Later that same day, I pulled my vehicle up to one of the pumps at the Ganges Gas station. Although normally a full-service establishment, on this particular day there was a small, handmade sign taped to each pump informing customers that due to staff shortages, patrons would have to pump their own gas until more employees could be hired. I shuddered for a moment at the image being formed in my imagination of a gargantuan fireball visible from deep space that resulted from someone’s careless self-serve attempt to top up their barbecue bottle from the station’s propane tank.

Not that much later on the very same day I read a notice online that one of our favourite eateries was cutting hours of operation and shutting down its table service on Tuesdays because of — you guessed it — staff shortages. How long can it be before the term “counter service only” means you make your own sandwich, bus your own counter space, and wash all your dishes? And don’t even think about getting a share of the tip.

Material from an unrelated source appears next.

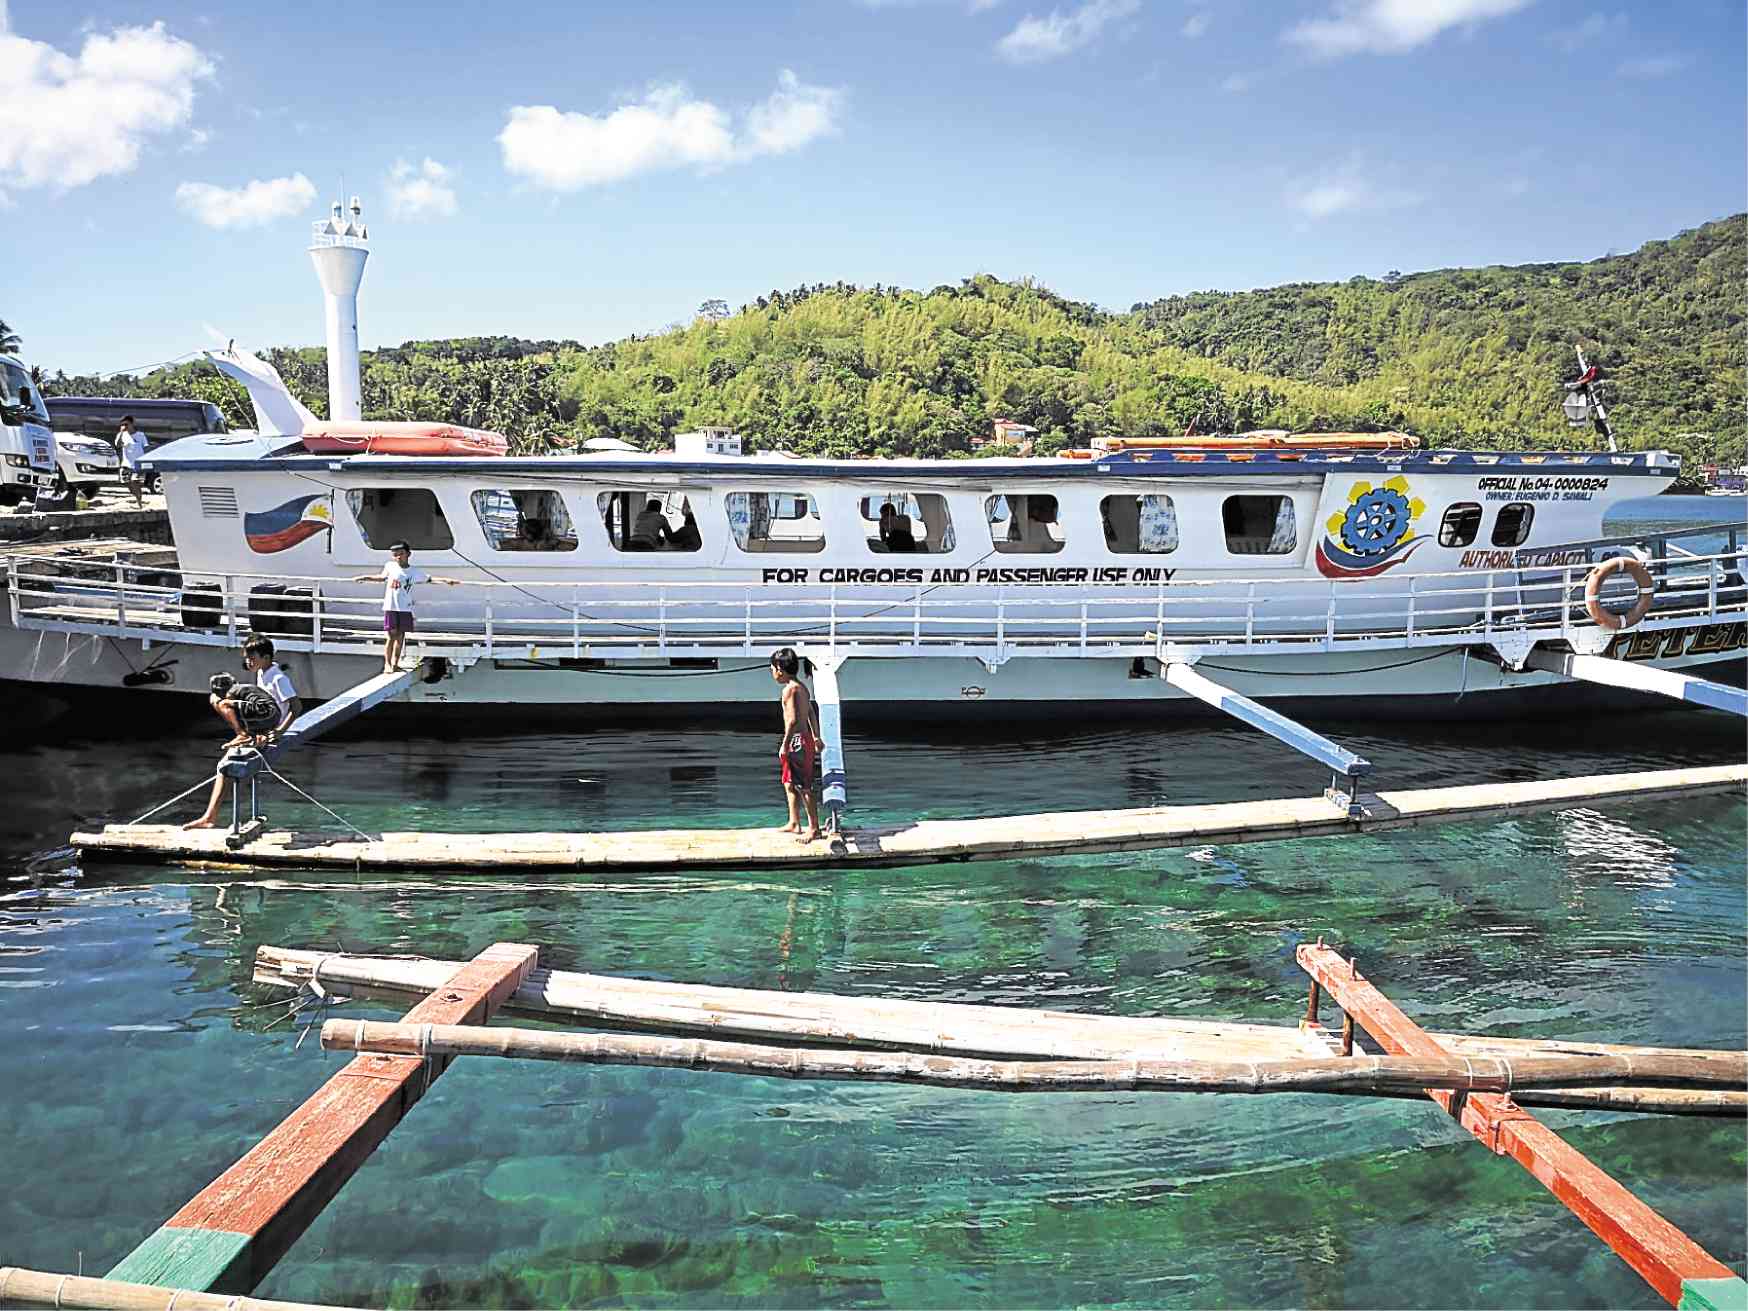 Calapan-Batangas trips via small vessels canceled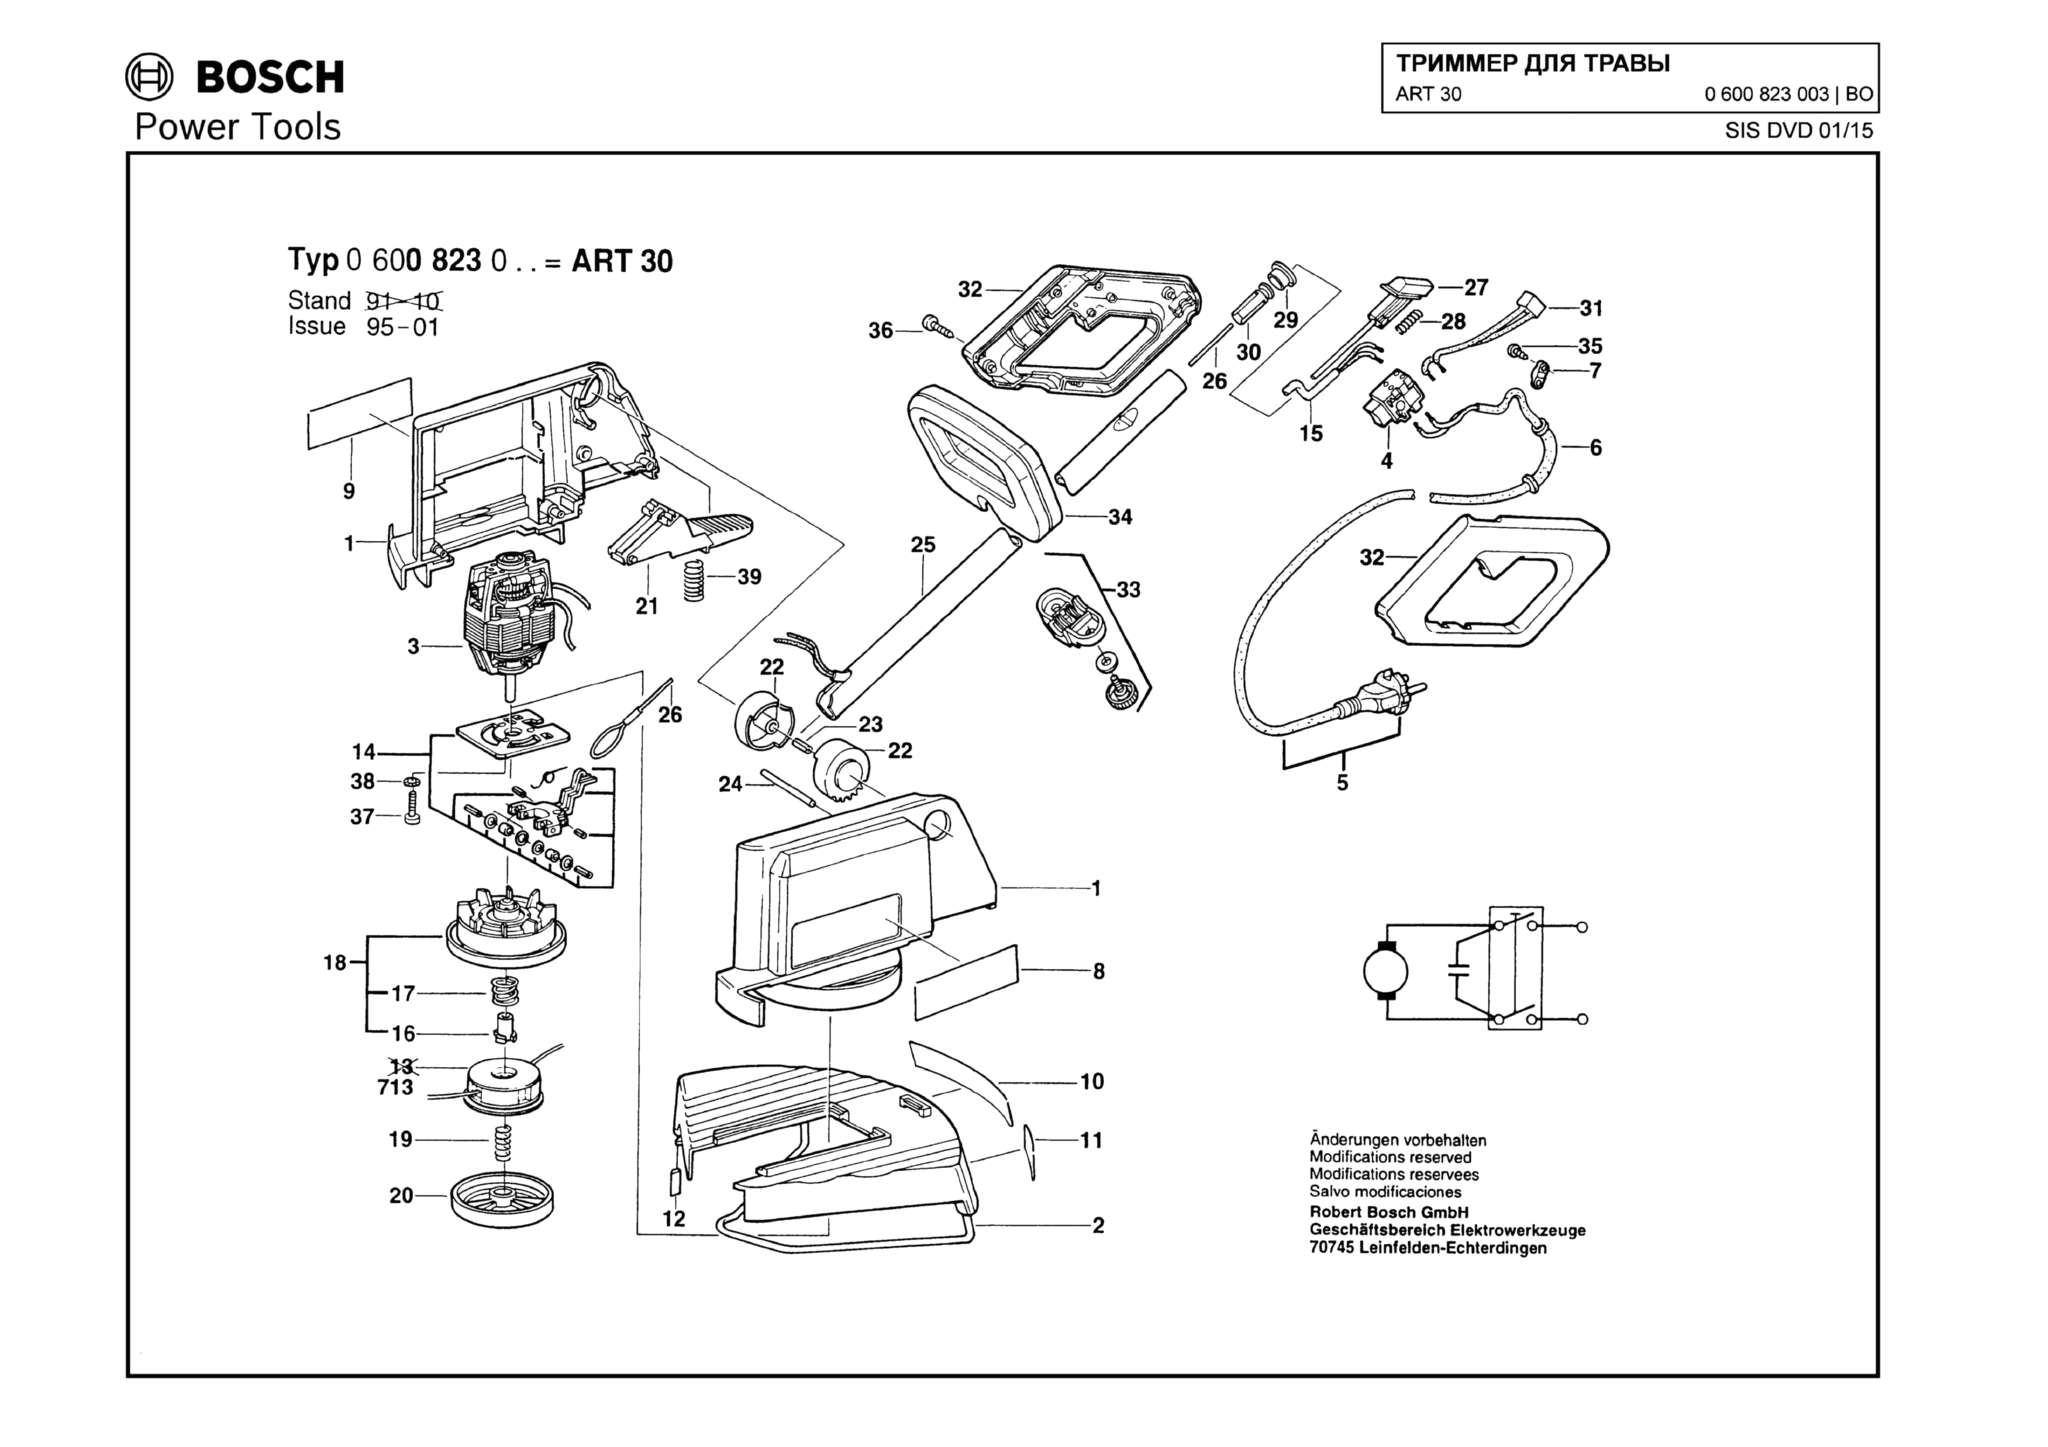 Запчасти, схема и деталировка Bosch ART 30 (ТИП 0600823003)

Why all this recent decrease in the work force? Much of the blame has to be laid on the COVID pandemic. So many in the labour pool, especially those in the non-essential service industry, were laid off or had their jobs disappear completely when government restrictions made it all but impossible for the industry to continue. Federal and provincial subsidies, the Canada Emergency Wage Subsidy and the Canada Recovery Benefit to name just a couple, helped ease the pain from loss of income while unemployed workers waited for the tide to shift as the economy rebooted itself. Many have taken the forced opportunity to retrain themselves or to initiate their own online businesses, which can be operated from the confines of their own homes.

Even essential services, such as health and medical-related fields, saw their employees leaving in droves due to a combination of low pay, overwork, high stress and dangerous working conditions. And this does not even address the huge issue of lack of housing.

The resulting work force shortage is not, as some economists claim, just a matter of people not wanting to go back to work. Rather, they are making the statement that they are no longer willing to put their health and safety on the line, especially if they are working at jobs that marginalize their value as human beings. Even better-paid skilled workers such as nurses are leaving the profession rather than accepting assigned double and sometimes triple shifts as well as being given forced overtime.

If this trend continues, we may find ourselves on the verge of a workerless society. Every business or government office could take on the look of those big box stores such as Home Depot or Walmart. Acres of merchandise but not a single soul to tell you where to find that vegetable peeler you’re looking to purchase.

Nobody asked me, but it’s quite possible that the future is going to be self-serve all the way. A debit card, a digital eye scan and a microchip implant may be all we need to open any door for us or fill any of our needs and wants. Just like the automated boarding pass dispensers and baggage check-in machines at the airport, or the self-check-out scanners at many supermarkets, we will be able to do it all ourselves without the assistance of any paid employees.

And instead of punching a button to get a number to get processed by the admitting department at Lady Minto Hospital, we just might be able to bypass all the red tape and be allowed to do the procedure ourselves. Hip replacement, anybody?